### RECORDS FOR PROCESSING
_____

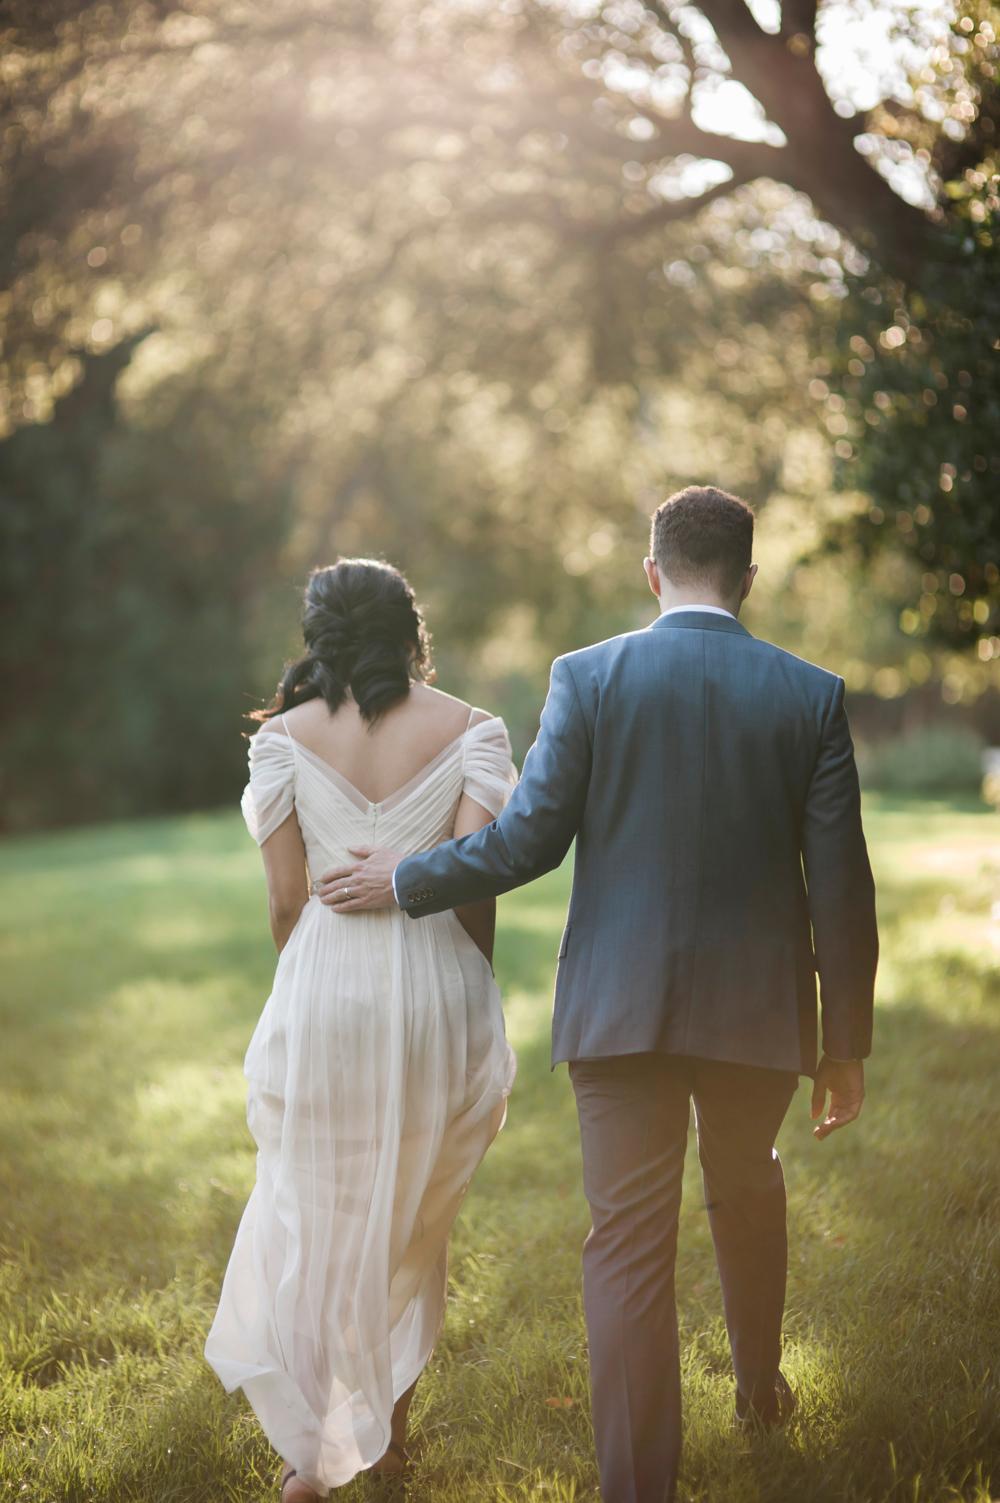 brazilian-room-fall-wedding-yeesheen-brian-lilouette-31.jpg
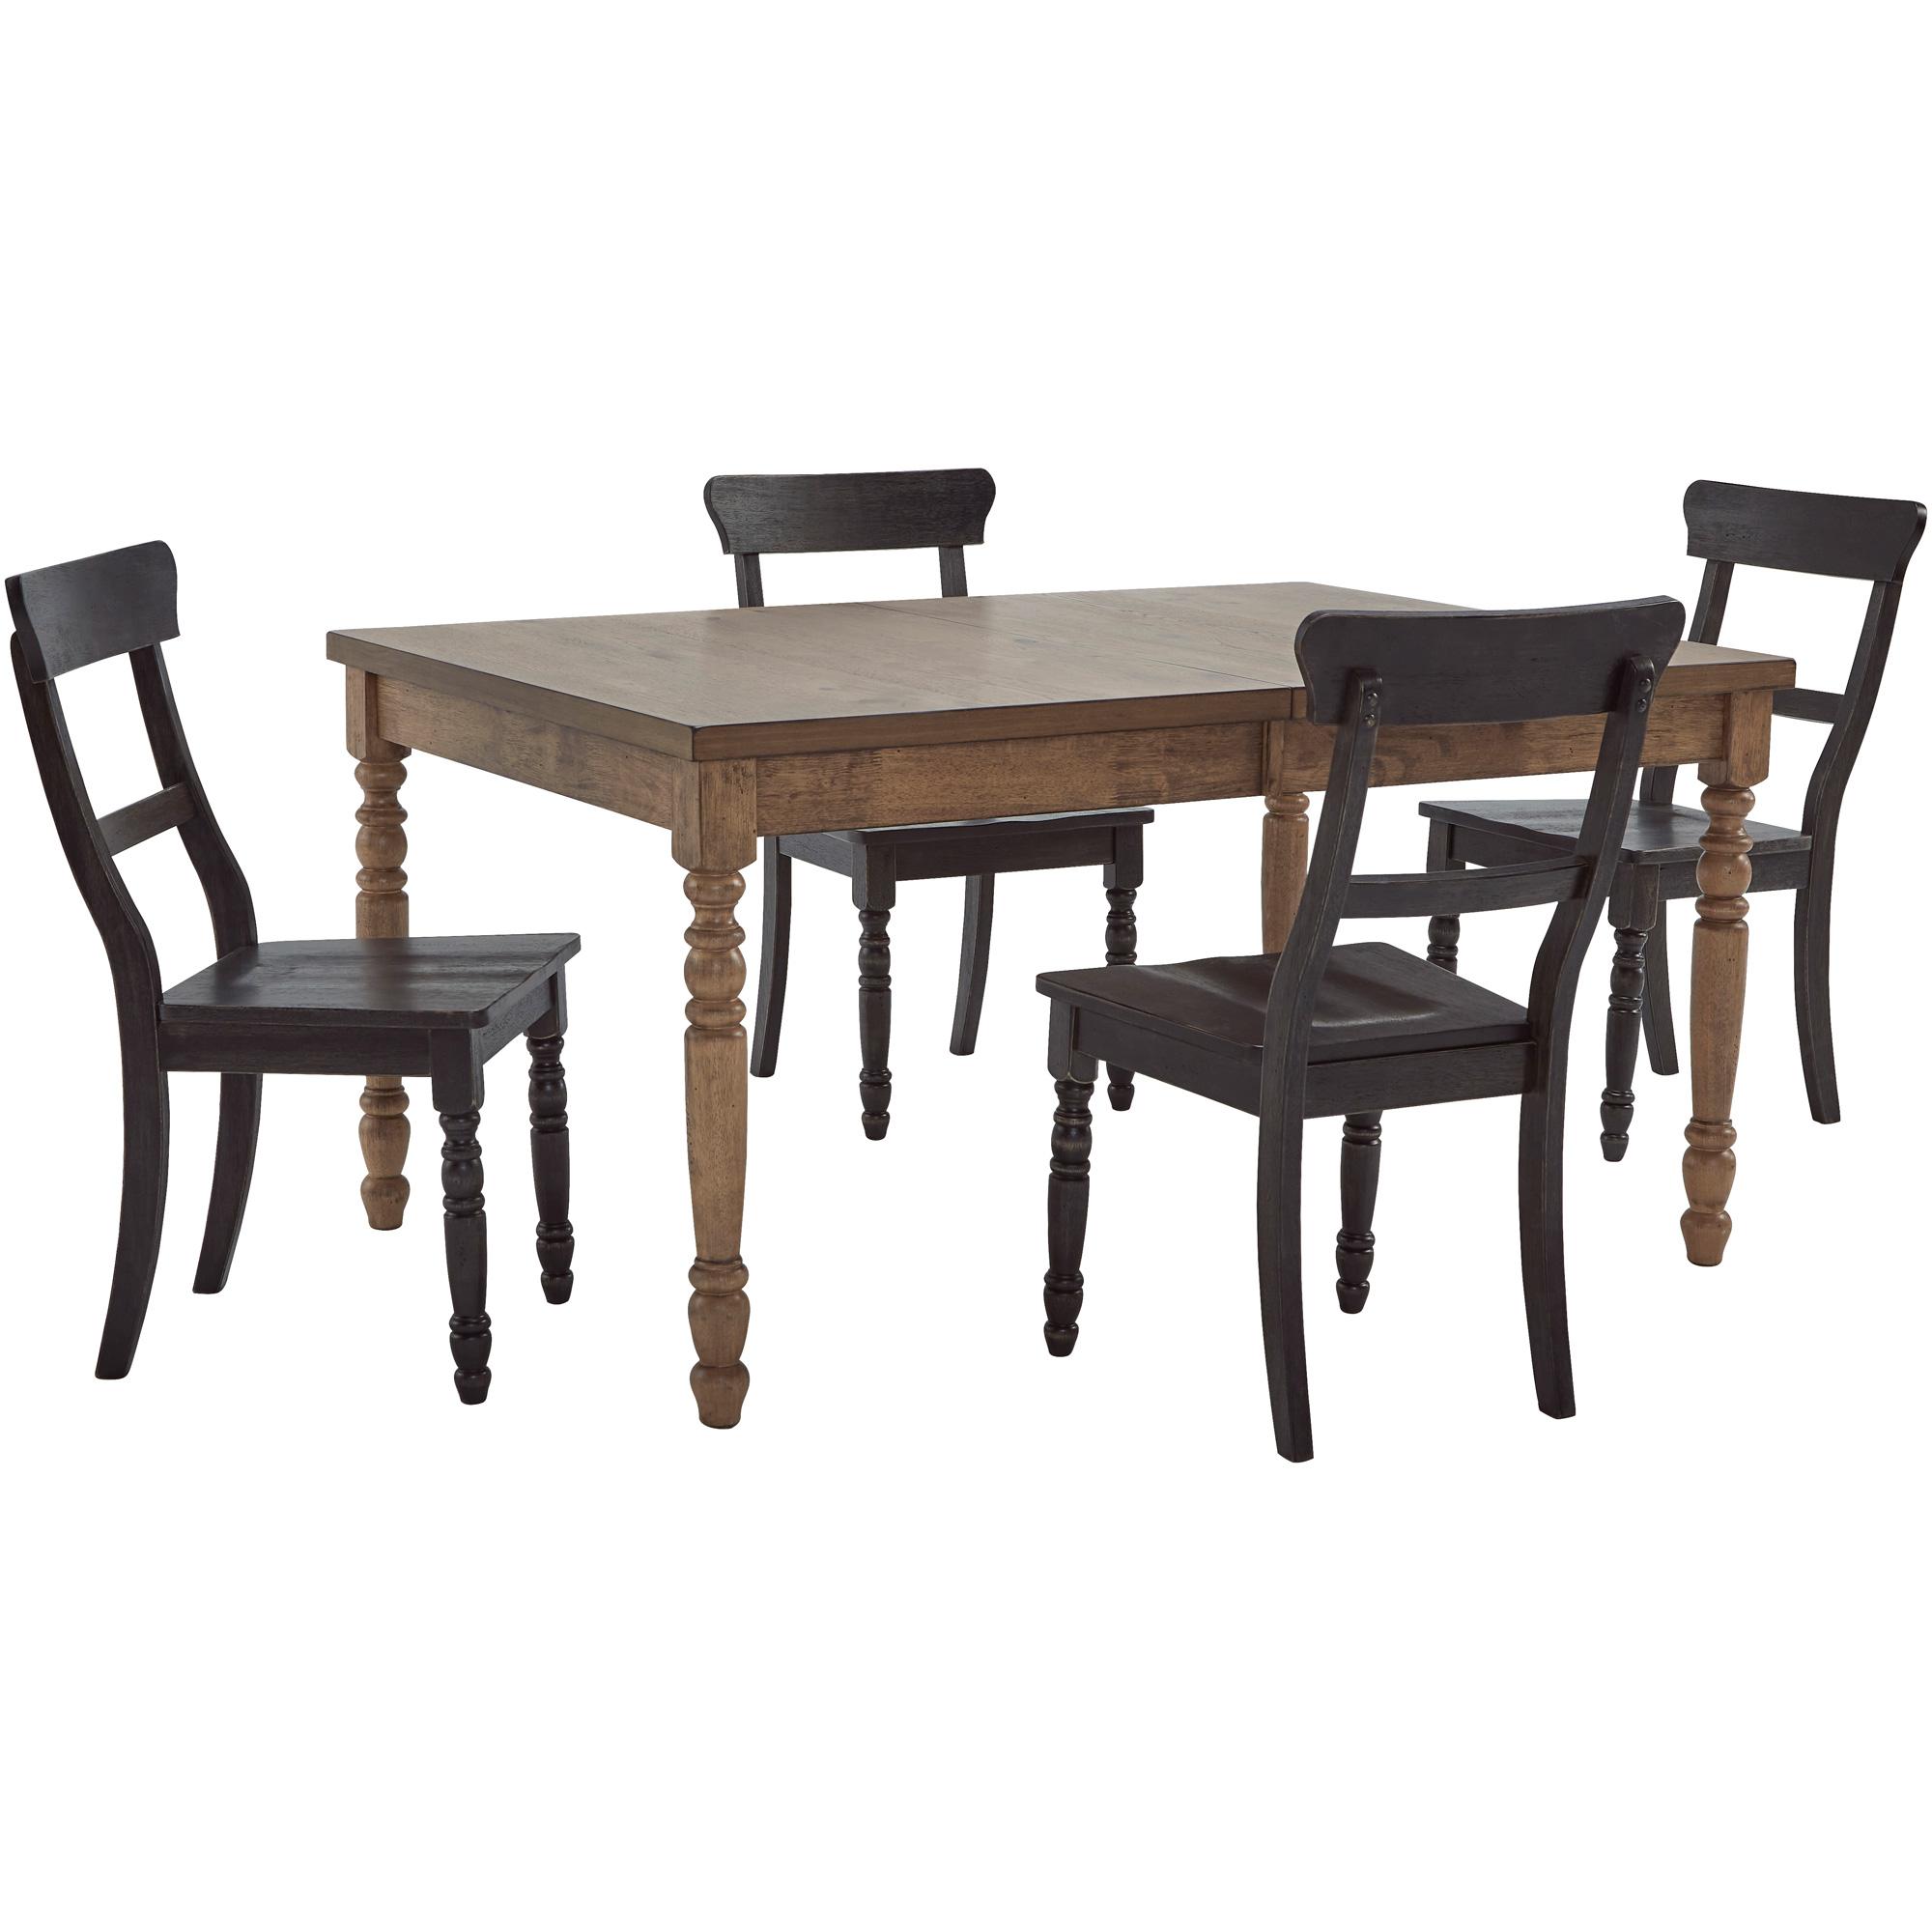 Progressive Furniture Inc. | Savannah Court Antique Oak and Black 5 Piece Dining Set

_____

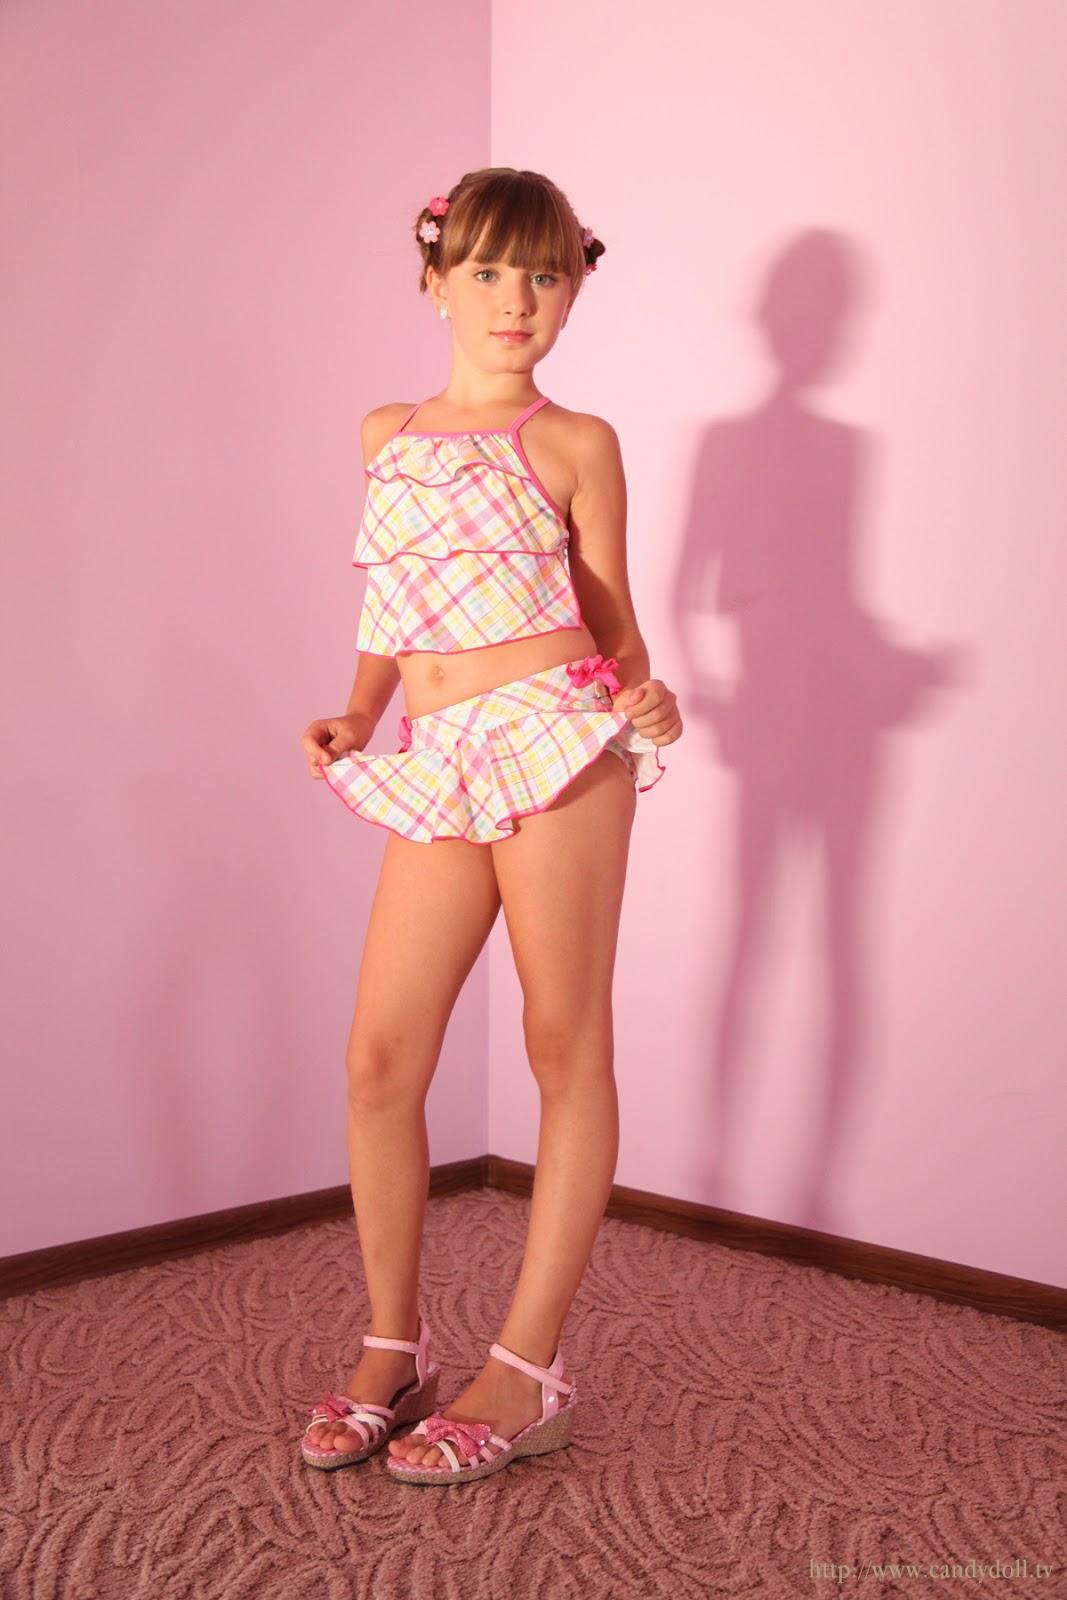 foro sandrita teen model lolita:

_____

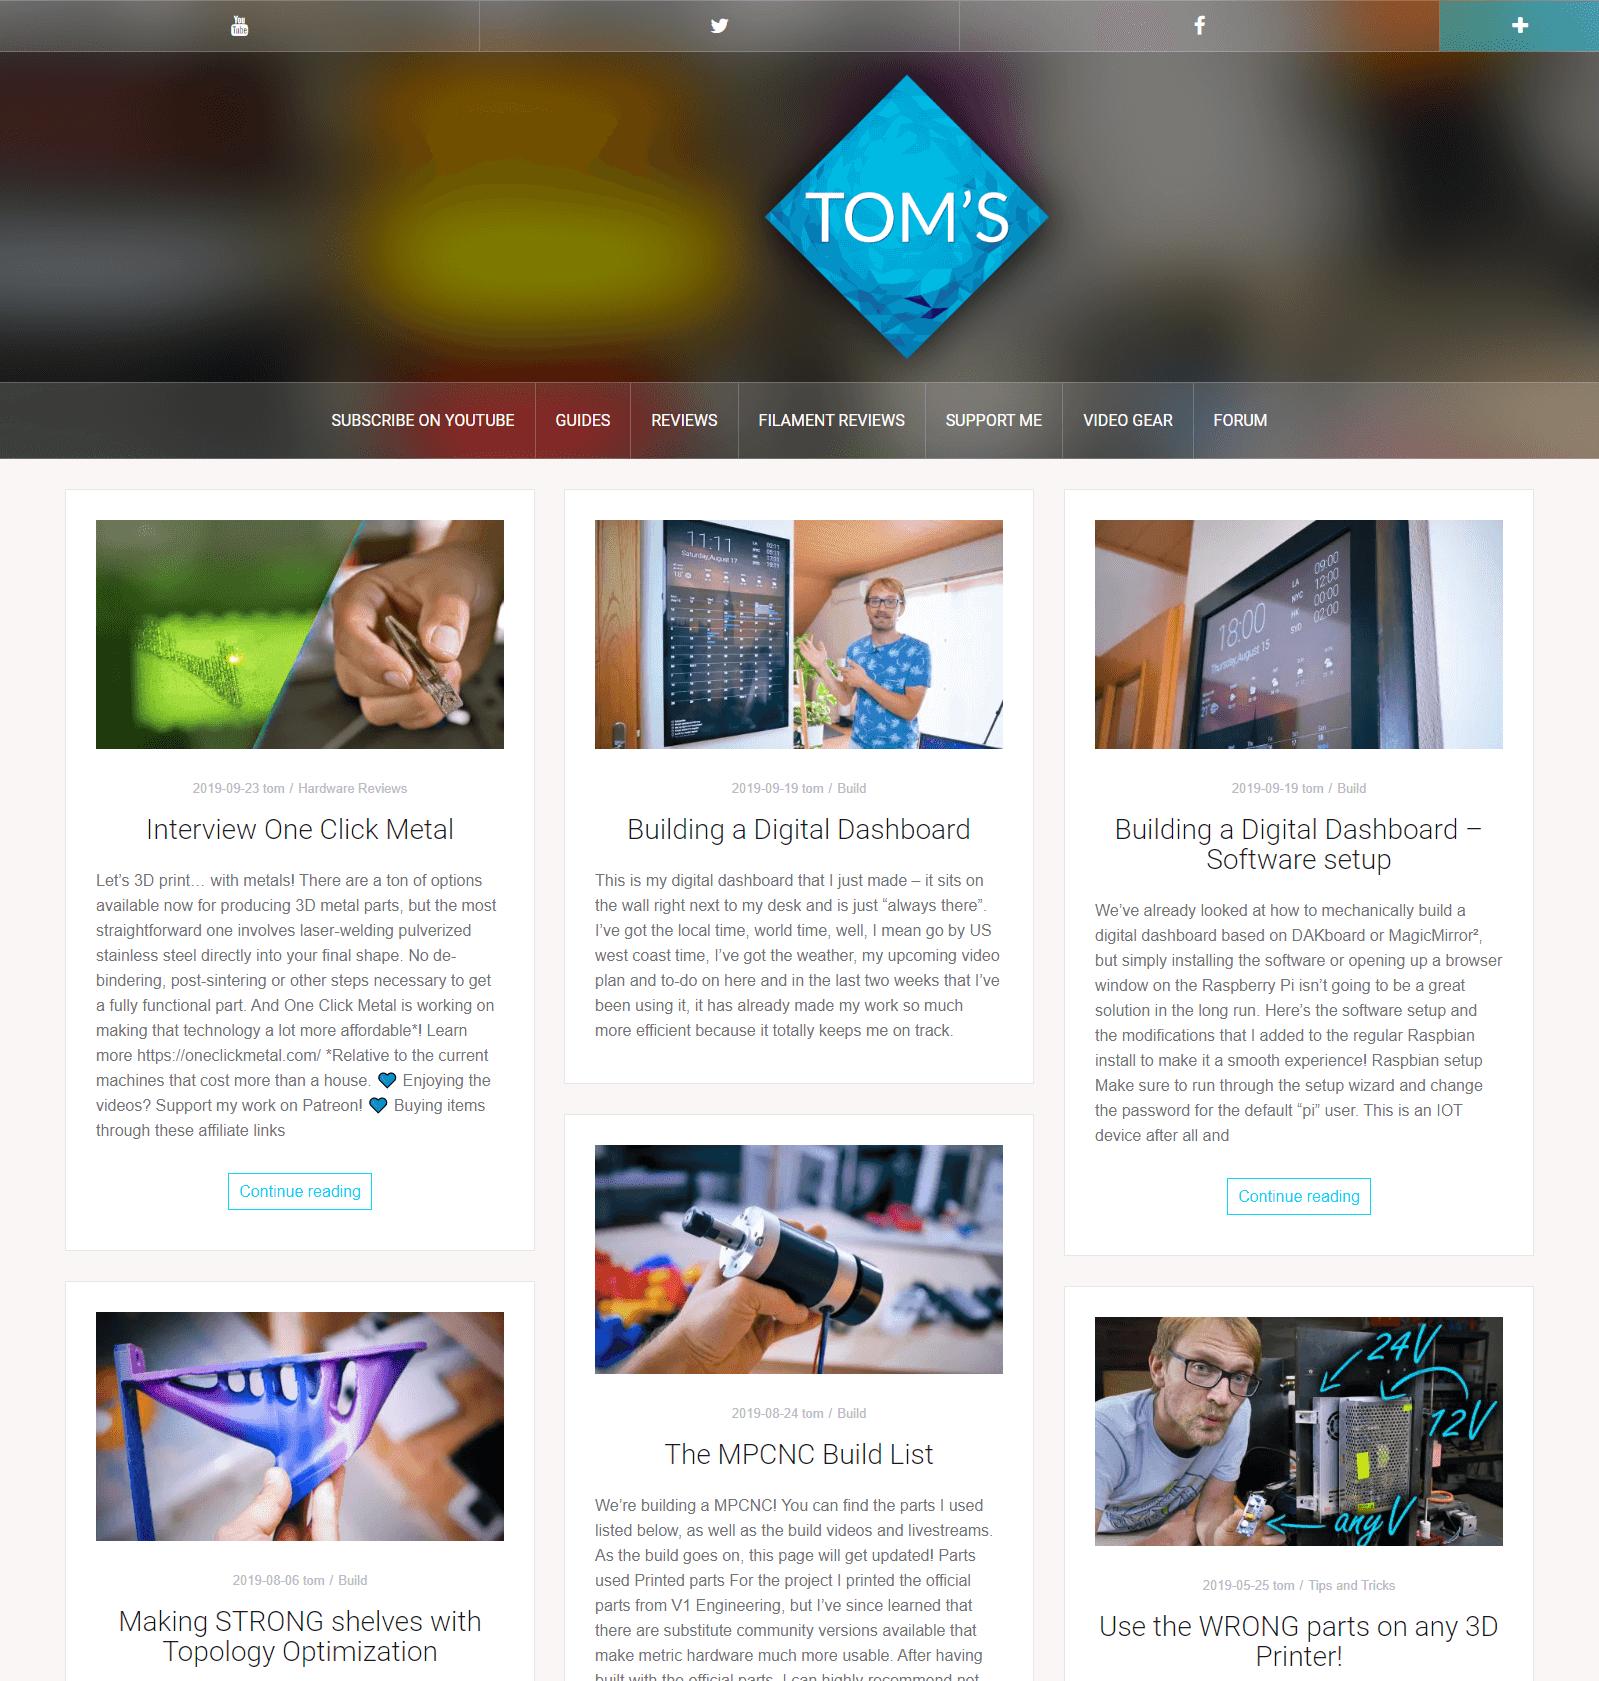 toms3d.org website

_____

### PROMPT
From the records above, quote word for word only the lines beginning at the line that has "brazilian-room-fall-wedding-yeesheen-brian-lilouette-31.jpg" and stopping after the line that has "Progressive Furniture Inc.". Omit the pictures.

### PROBLEM SOLUTION
 brazilian-room-fall-wedding-yeesheen-brian-lilouette-31.jpg
 Progressive Furniture Inc. | Savannah Court Antique Oak and Black 5 Piece Dining Set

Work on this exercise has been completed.